There is some nasty and brutish politicking going on in Boston regarding the leadershi of the MBTA, as Governor Patrick’s team tries to force out Romney appointee, General Manager Daniel Grabauskas.  I am in no position to make any meaningful commentary on the politics of the moment, but I am struck by how much of the controversy revolves around T financing.

The Authority has over $5 billion in debt, most of it loaded on from the Big Dig.  One third of the T’s annual $1.5 billion budget goes to debt payments.  That is insane.  Debt has caught up to the organization and now the T is “considering” levying a 19.5% fare increase and service reductions.

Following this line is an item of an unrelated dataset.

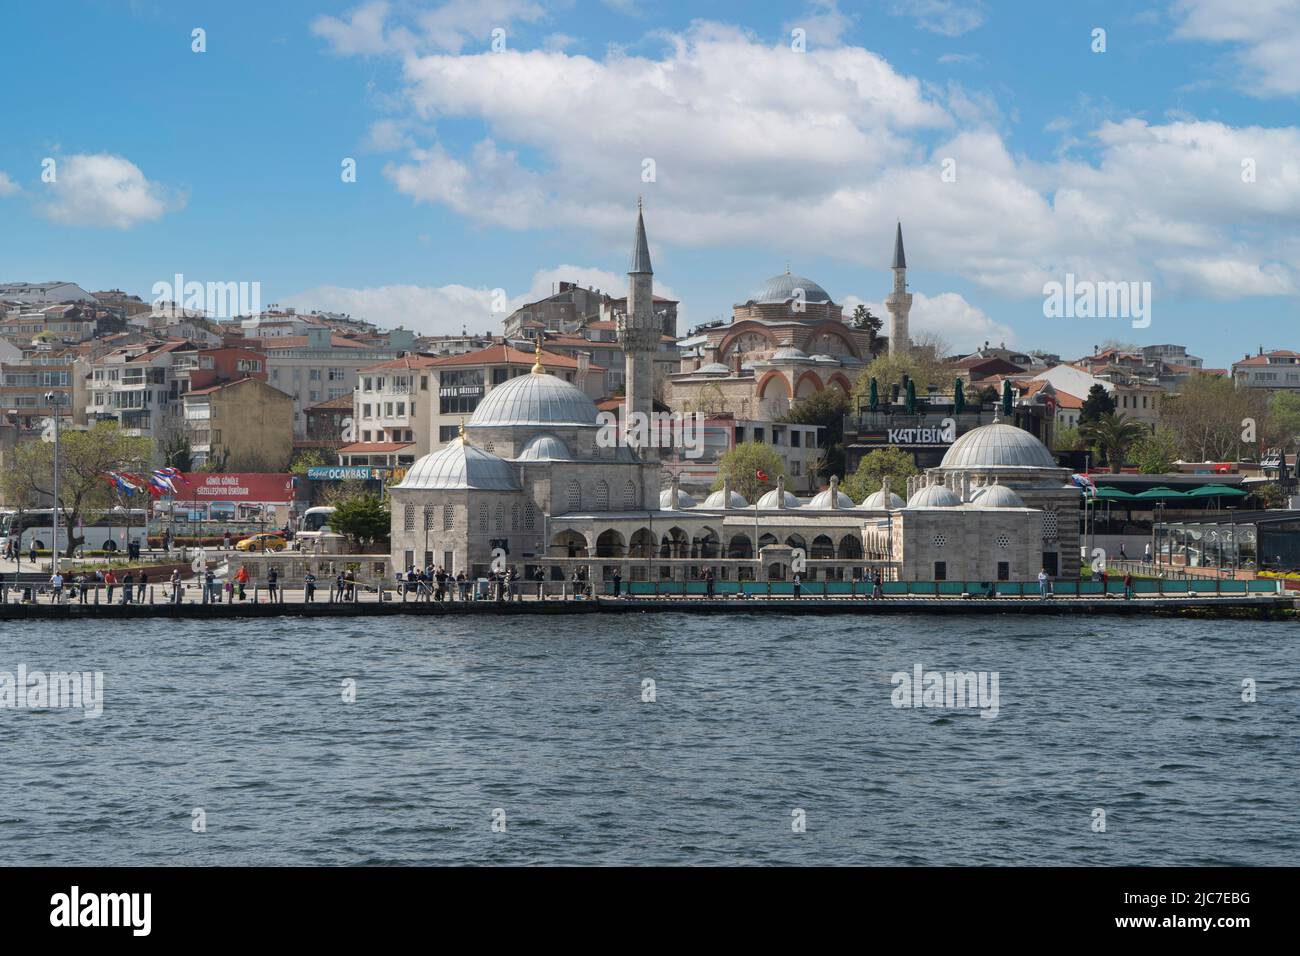 Die Moschee von Şemsi Ahmet Paşa im Istanbuler Stadtteil Üsküdar. Die Moschee, die als Vögel bekannt ist, landet wegen der Windströmungen nicht auf der Moschee. Stockfoto

Here is where my opinion begins; it is ridiculous for public transit organizations to have to finance their own construction projects.  Public transportation organizations have a hard enough time financing day-to-day operations based on public subsidies and low-cost fares.  Government pays for road building without expecting car drivers to be saddled with debt.  The transit riding public and the organizations it trusts should not be saddled with this debt either.

When building new rails,  constructing new stations, investing in brand new types of vehicles, the financing should come from the state, not from the transit institution (that is without a dramatic change in how agencies are financed).  Maintenance, repairs and general upkeep and improvements should intelligently be paid for by agency budgets.  However, to burden our transportation agencies with billions of dollars in debt from construction and new projects serves neither the agency nor the ridership and the greater areas and economies that depend on such transit adequately.